# GIVEN INFORMATION
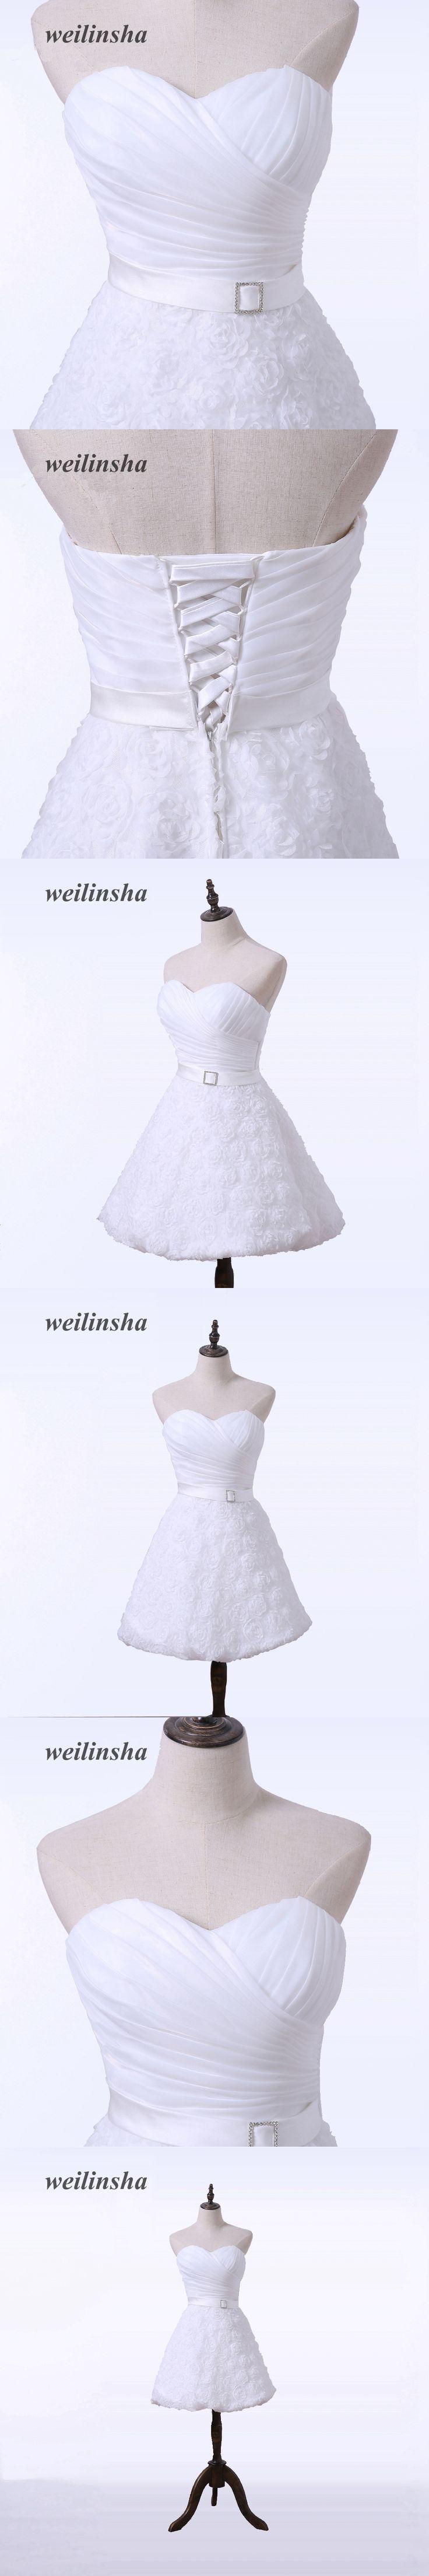 weilinsha A-Line Lace Short Wedding Reception Dresses Cheap Knee Length Mini Wedding Dresses
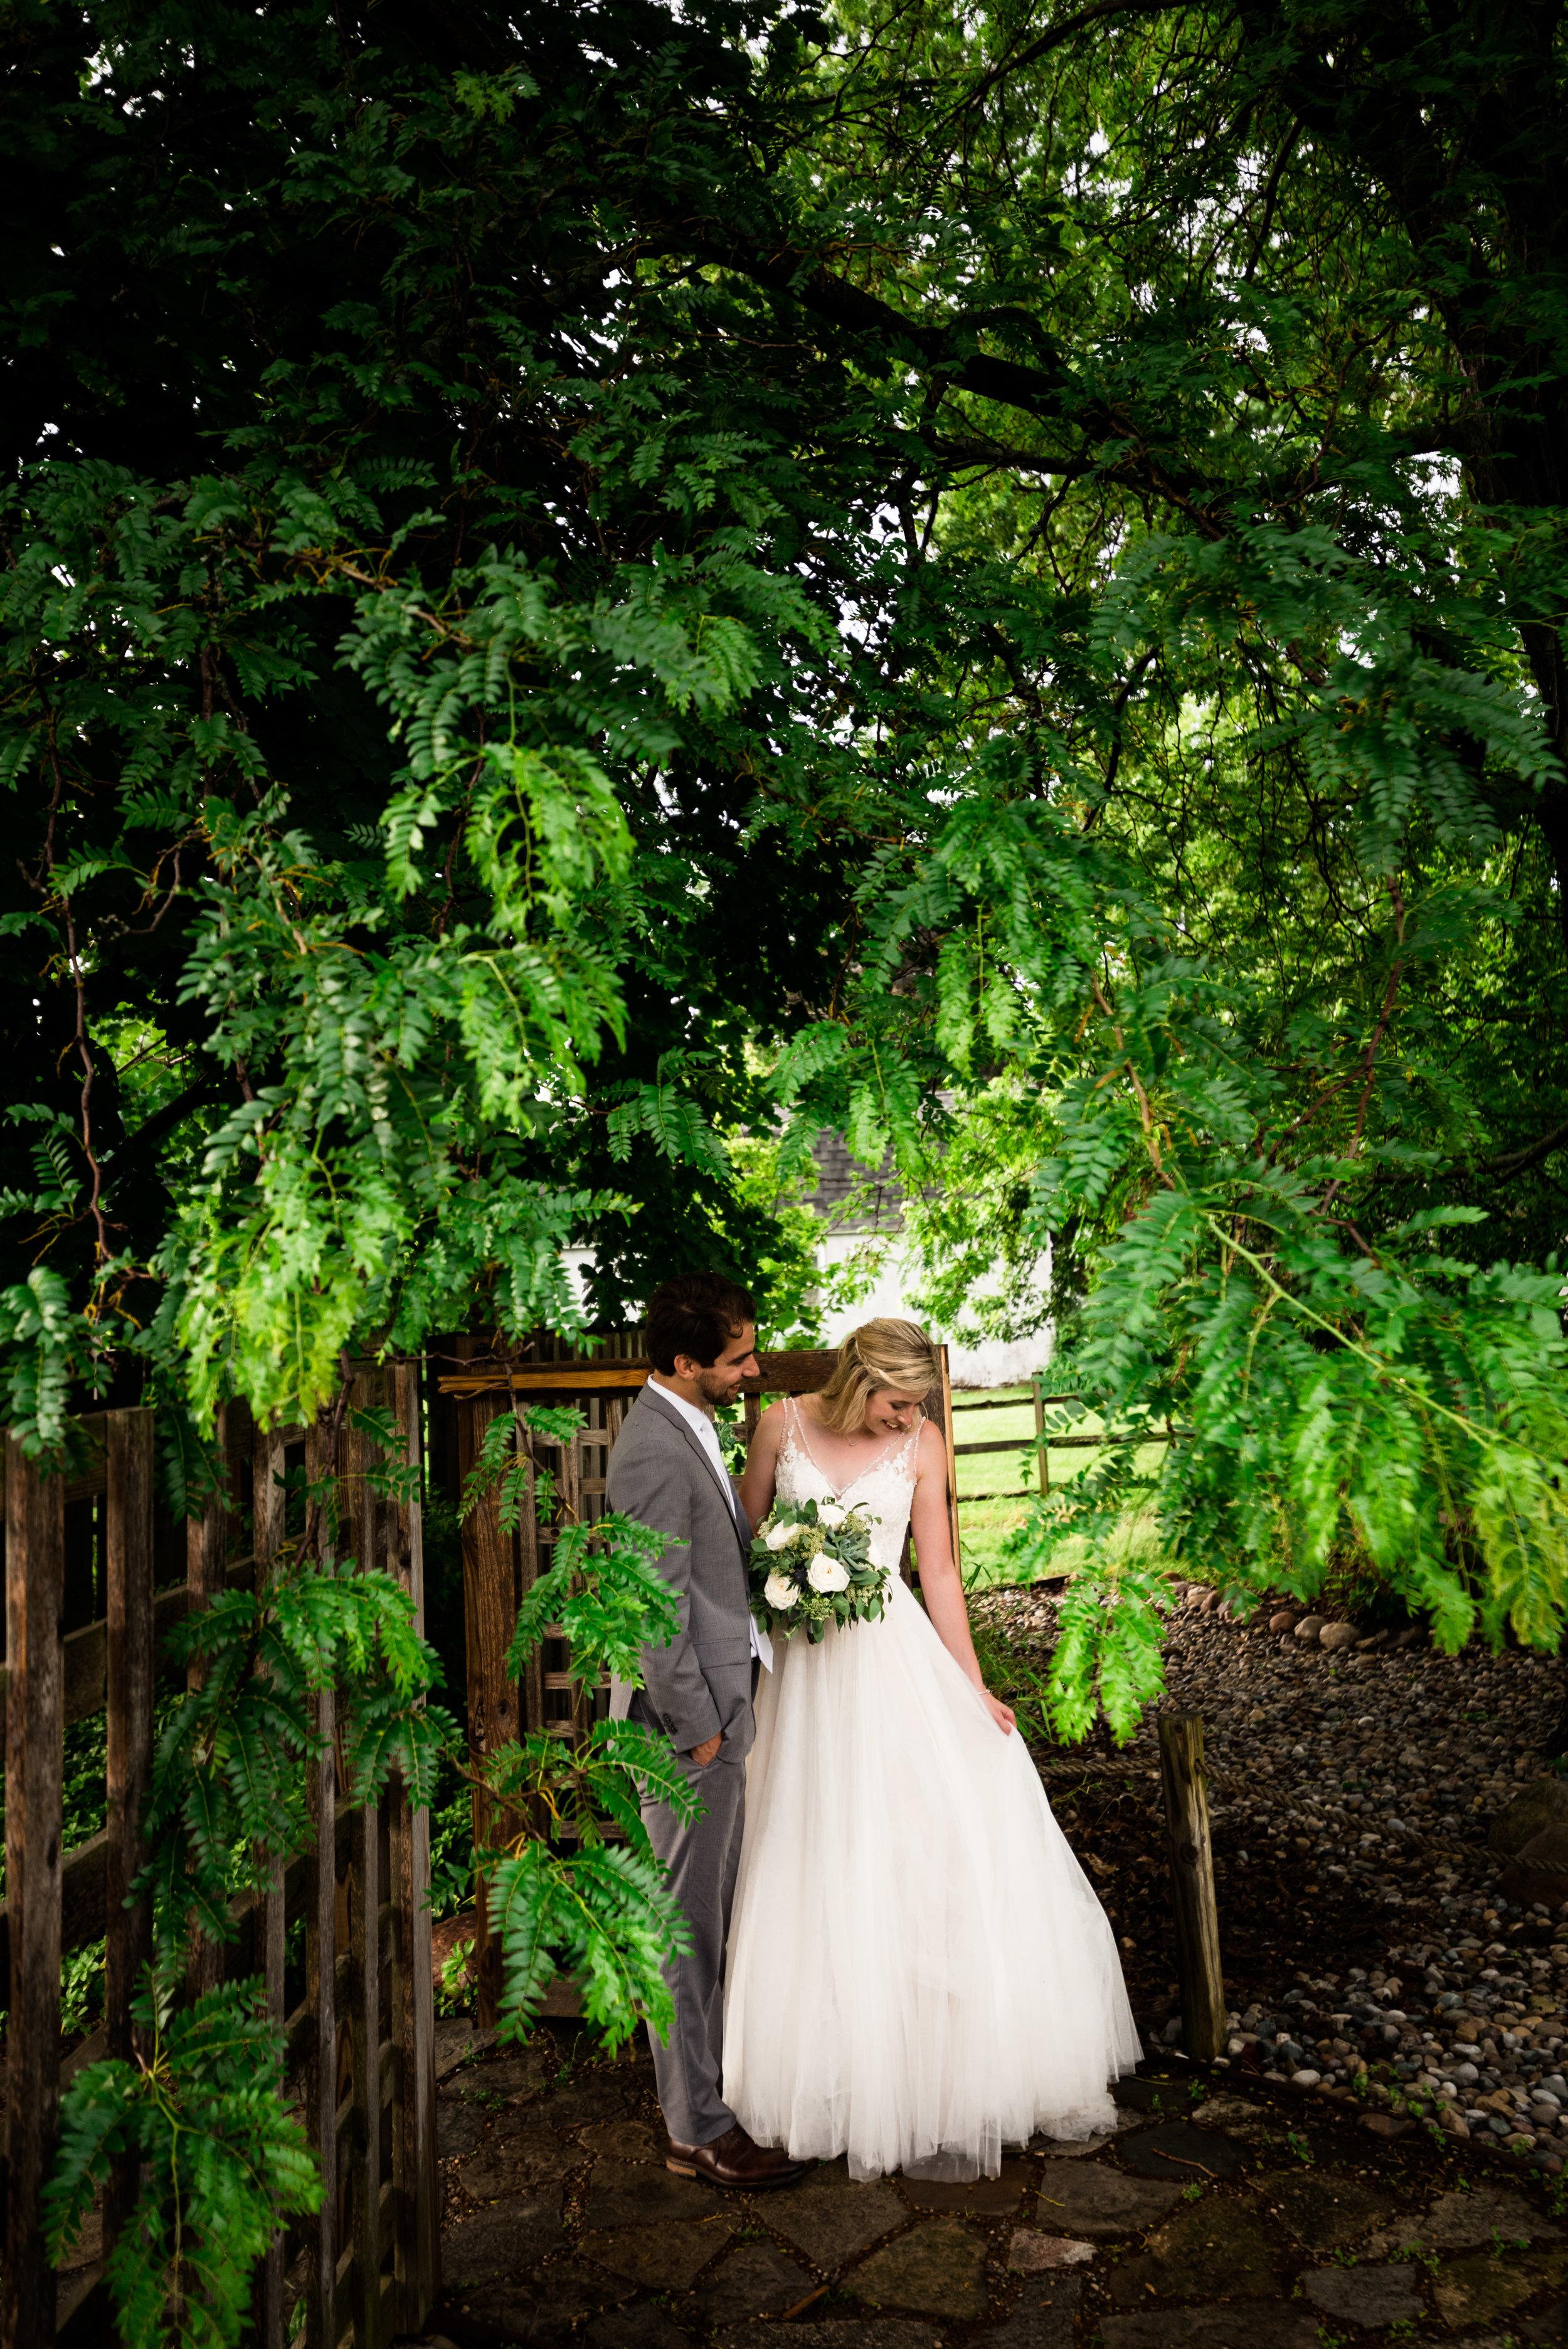 simpson garden park wedding photographer
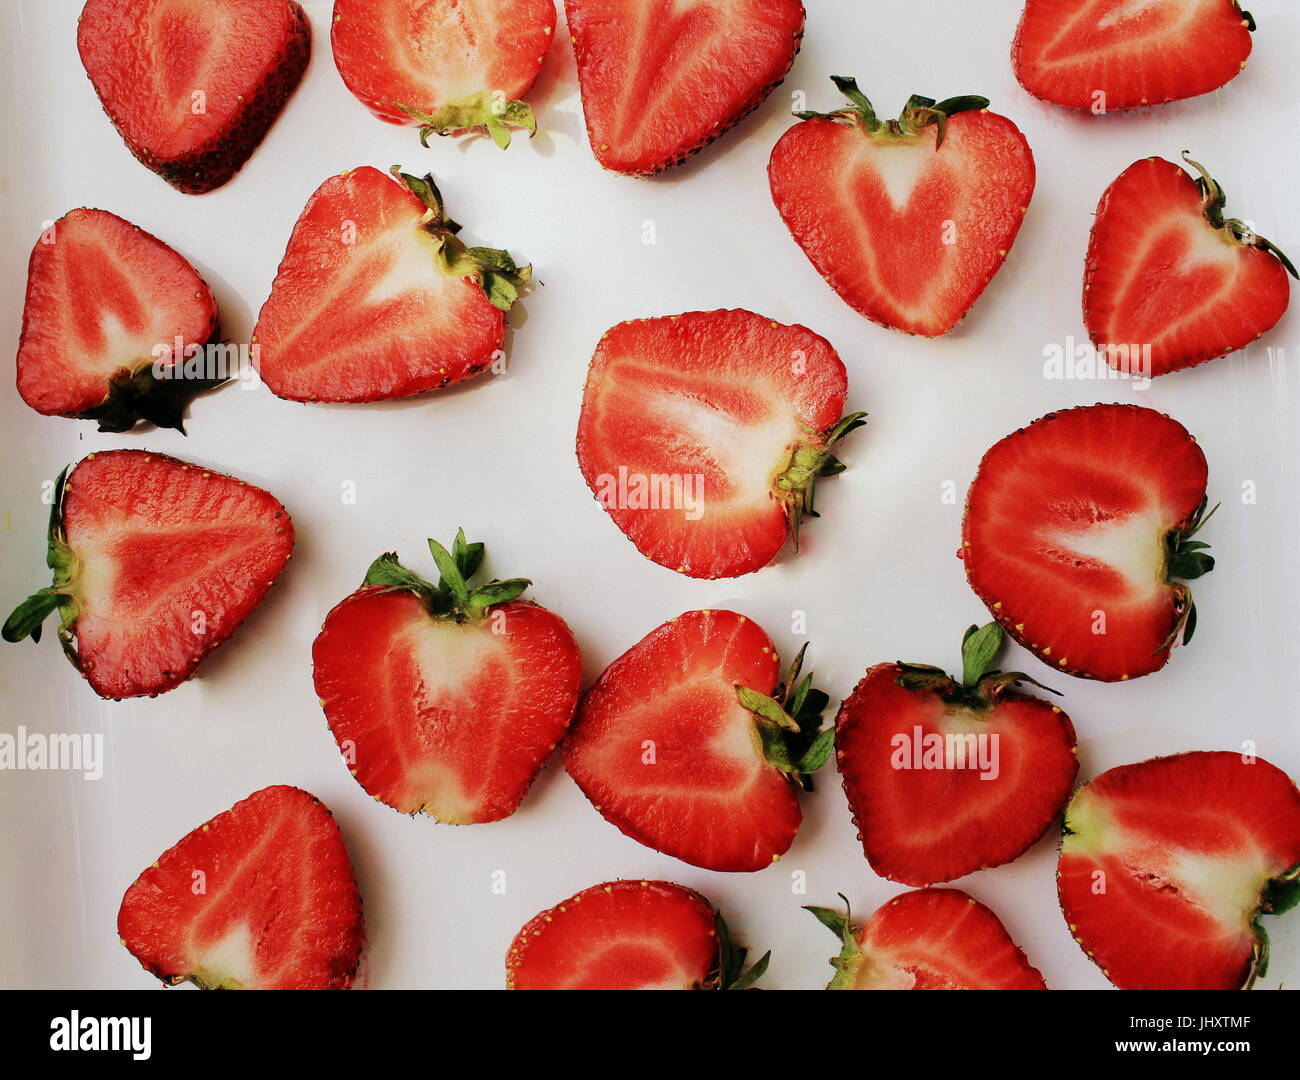 Fresa patrón creativo. Alimentos aislados como telón de fondo. Rodajas de bayas rojas maduras con hojas Imagen De Stock

# WHAT THE TASK ASKS
Leave the images out and transcribe the rest of the material exactly.

# SOLUTION FOR THIS PROBLEM
 weilinsha A-Line Lace Short Wedding Reception Dresses Cheap Knee Length Mini Wedding Dresses
 simpson garden park wedding photographer
 Fresa patrón creativo. Alimentos aislados como telón de fondo. Rodajas de bayas rojas maduras con hojas Imagen De Stock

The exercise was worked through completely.